I'm prayerfully and strongly considering making a consultation appointment with an RE - reproductive endocrinologist (i.e., fertility specialist). Part of me does not want to "waste" the money since all logical signs tell us we can still get pregnant naturally on our own. But say we go through the fertility testing--how can you put a price on peace of mind, knowing what could or probably won't go wrong? I'm also nervous about finding out too much information. "Over" educating sometimes gives you that much more to worry about.
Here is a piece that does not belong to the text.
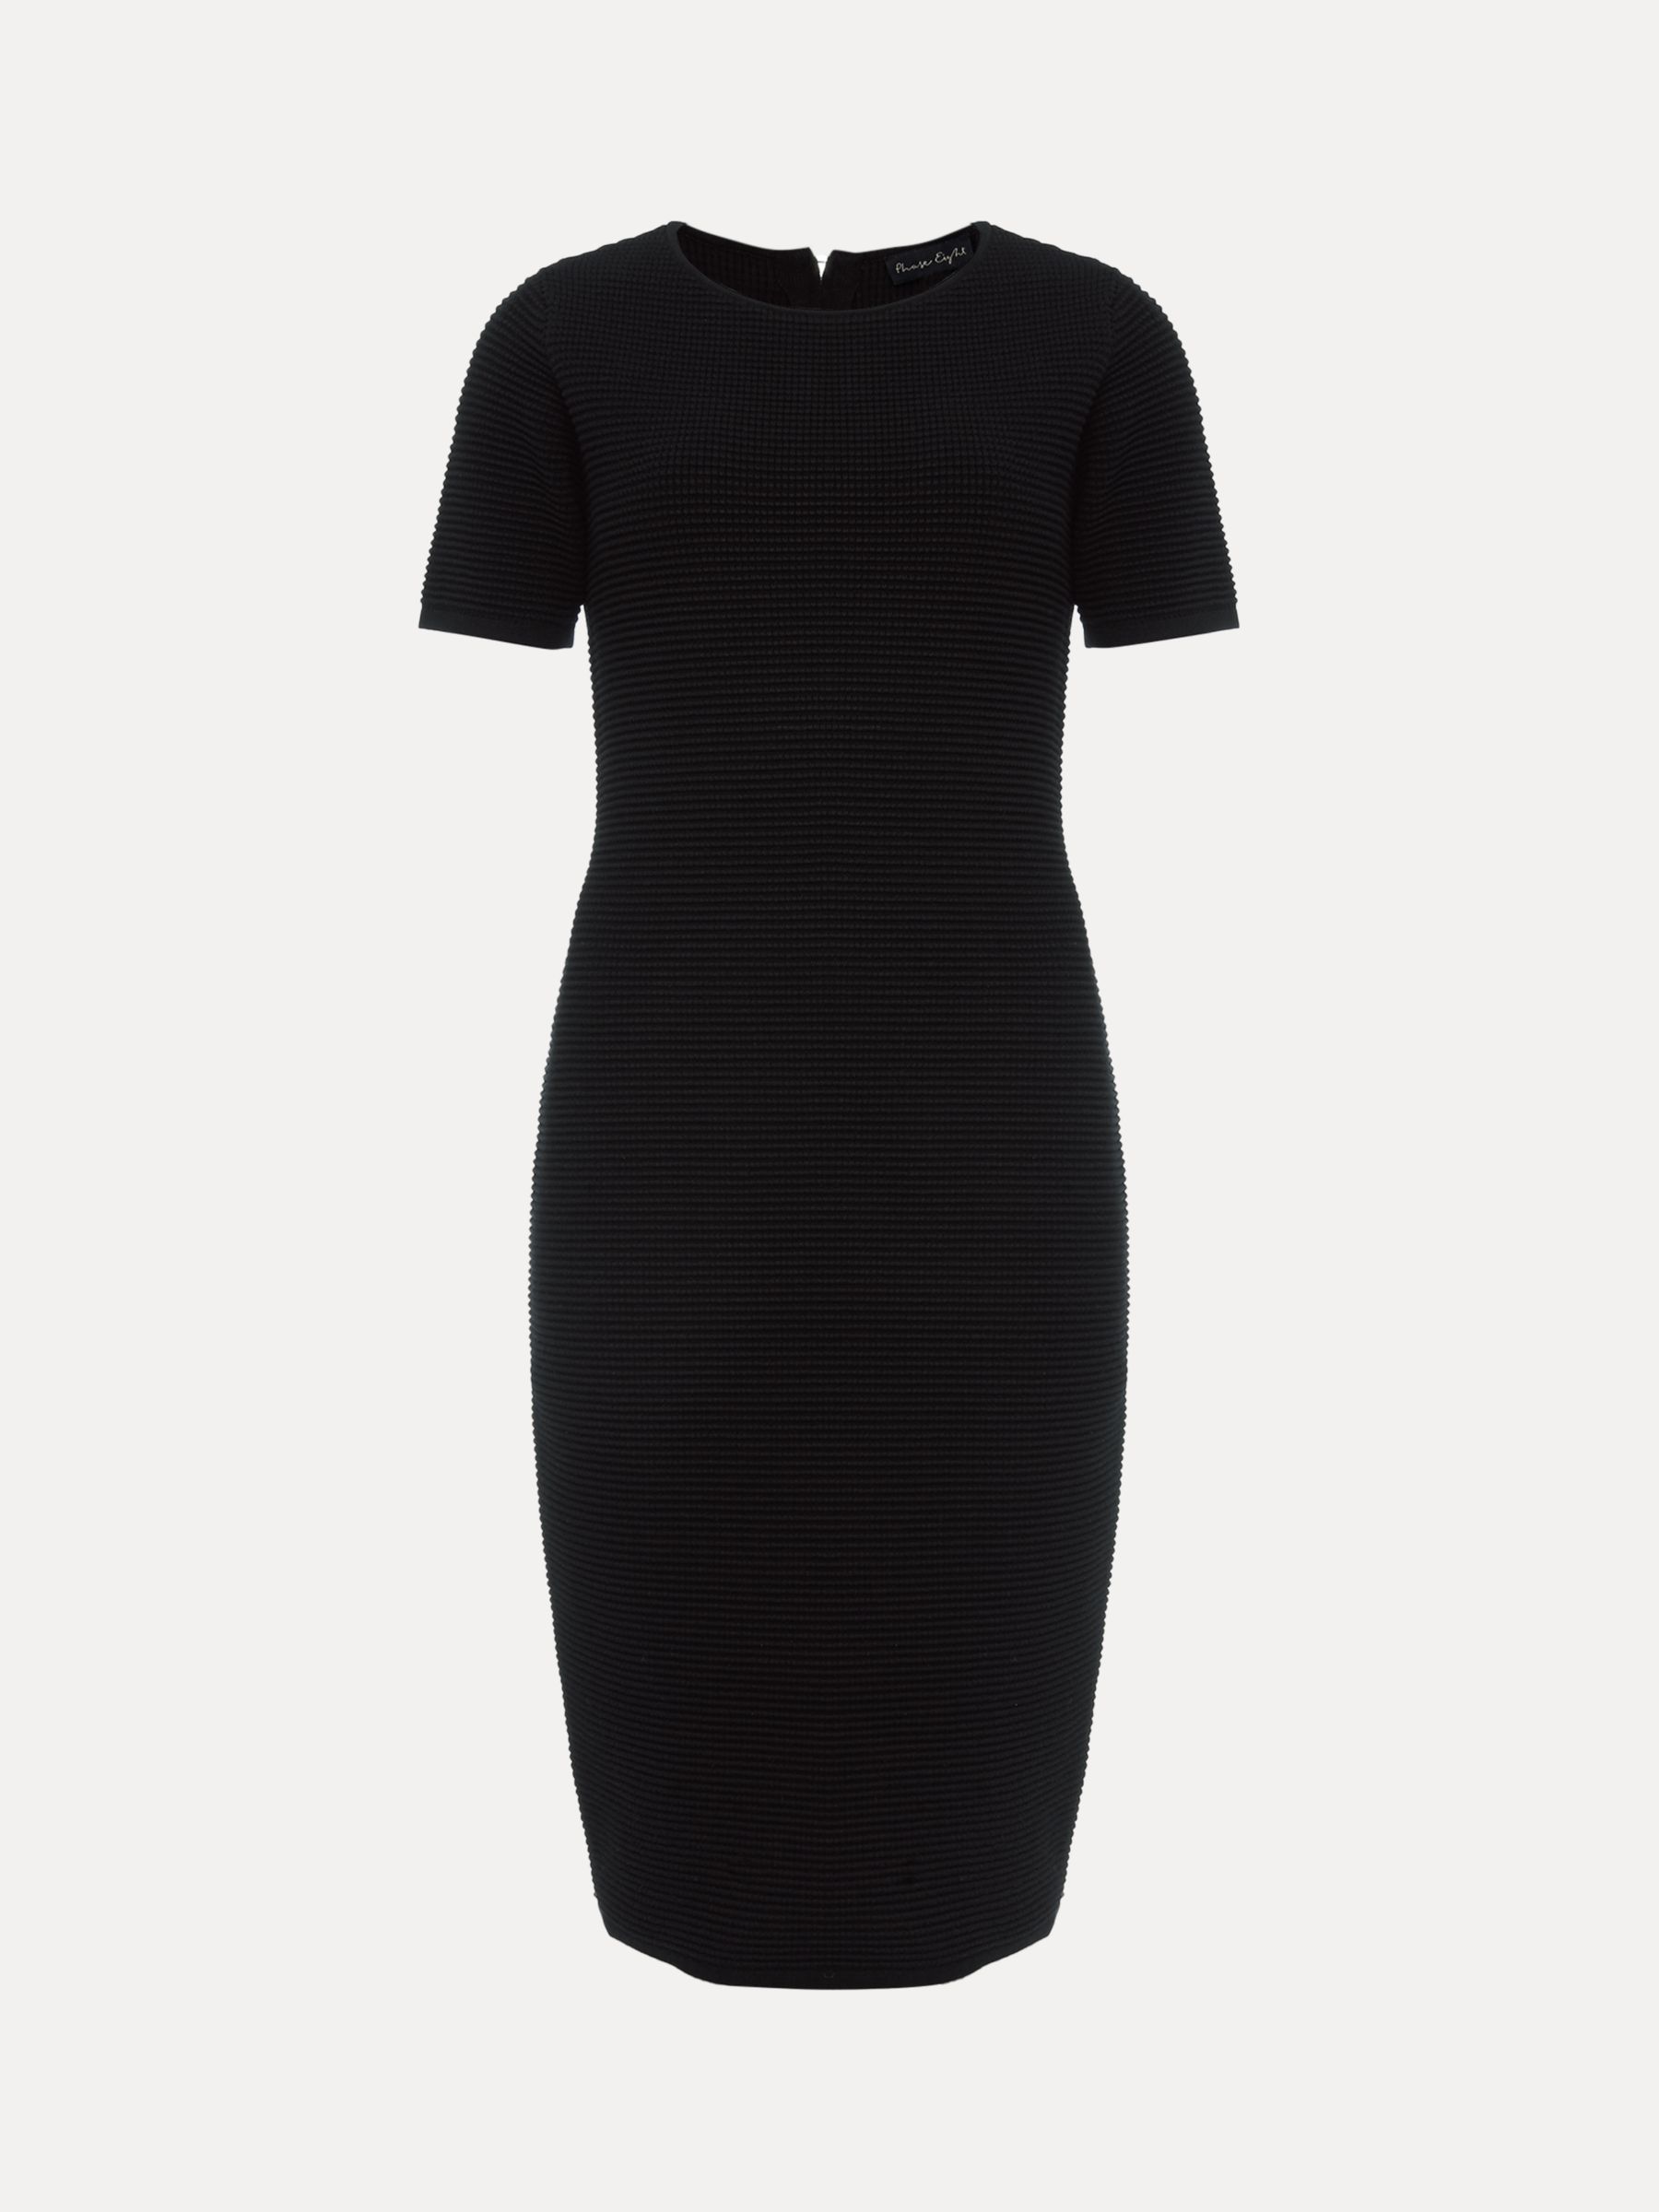 Phase Eight Elsa Ribbed Short Sleeve Dress, Black at John Lewis & Partners

With all that said, I'm probably still going to call and at least find out how closely they would monitor my first few weeks if and when we do get pregnant again. That is the emotional part I will need. When I asked my OB if more frequent ultrasounds would be ordered in a subsequent pregnancy, he simply stated that there is no evidence to support that ultrasounds positively affect the health of the baby. Well duh! How about my stress and anxiety levels that first trimester when you cannot feel movements yet? There is evidence that says the stress hormones are no good for baby! Stupid doctors! If the RE practice will monitor Baby K. closely with blood tests and/or ultrasounds, I will probably go ahead and make that first appointment. I am against taking fertility drugs at this point, but hopefully we will not need them since I appear to be ovulating and at least most things appear to be working properly thus far...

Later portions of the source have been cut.